I support “fair trade” where free people bargain for the fair price of the goods that they produce. Notice I said that “they produce,” not that a slave master takes from them and sells. How do we know if the producers fairly bargain for the sale of the goods they produce? Here are a few questions to ask:
(1) Are they free people?
(2) Do they have the right to organize?
(3) Do they have collective bargaining rights?
(4) Are they being adequately compensated for their labor?
(5) Is their compensation adequate for them to purchase goods and services that would satisfy American standards? (We need to judge their compensation based upon our standards, not theirs. Or is it fair to trade trinkets for Manhattan?)
If the answer to any of the above questions is no, then that is not fair trade.
NAFTA, CAFTA and TPP are even much worse than free trade. Take a look at the provisions that violate the sovereign rights of countries and the human rights of their citizens; provisions that put corporate profits and corporate property rights ahead of people’s very right to live. These trade policies are a new world constitution which supersedes all the “law of the land” of every country that is party to its terms, especially including our own. (See Article 6 of the U.S. Constitution)
Not only do the provisions of these trade agreements codify slavery, they codify colonialism, where every person in every country that is a party to these agreements is subject to a group of self-proclaimed multinational corporations. Every nation becomes a colony to the master non-geographical corporations who hold the power under these agreements.

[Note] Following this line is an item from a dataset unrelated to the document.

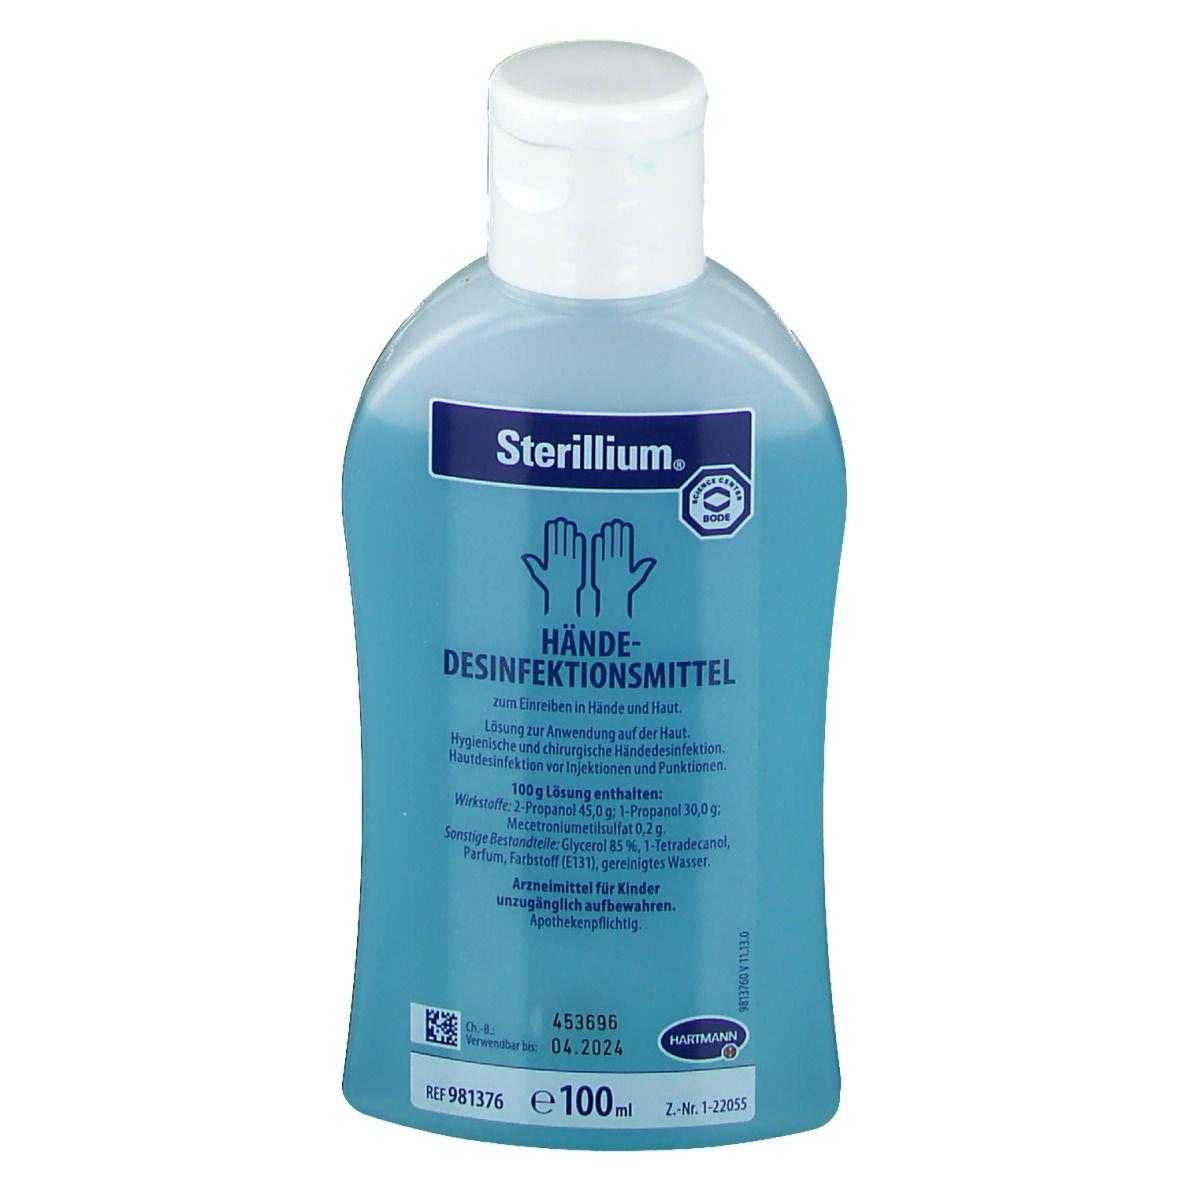 Sterillium® Handdesinfektionsmittel 100 ml

I am a strong believer in trade agreements; I believe they are essential to promote trade and to guarantee the human rights of all workers on all sides. They must provide, at a minimum; for uncoerced collective bargaining, safe working standards, internationally recognized environmental standards and international oversight by international commissions comprised of workers from other countries.
To work out a fair trade agreement will not be easy and will require an open discussion in open proceedings. It cannot be accomplished behind closed doors. Democracy and fairness are never negotiated secretly behind closed doors.
I submit; there are many forms of racism that are not overt, but are just as harmful. I think that the kind of overt racism that Trump has displayed is horrid and should be profoundly objected to. Isn’t it in fact being profoundly objected to? Isn’t the media objecting to his racism strongly? I think so. However, how about the racism that is not overt, but implied? The fact that 40% of all payroll in the U.S. is paid directly or indirectly in compensation for the making of military weapons that are deployed, nearly exclusively, for the murder of hundreds of thousands of poor Africans and Asians. Or consider the millions of people in our own country who keep imploring for us to “support our police.” Surely, in light of the hundreds of police shootings of unarmed black people, the term “support our police” can have only one meaning.
If we fail to see the racism around us, or the policies that support it, then we are all part of the problem.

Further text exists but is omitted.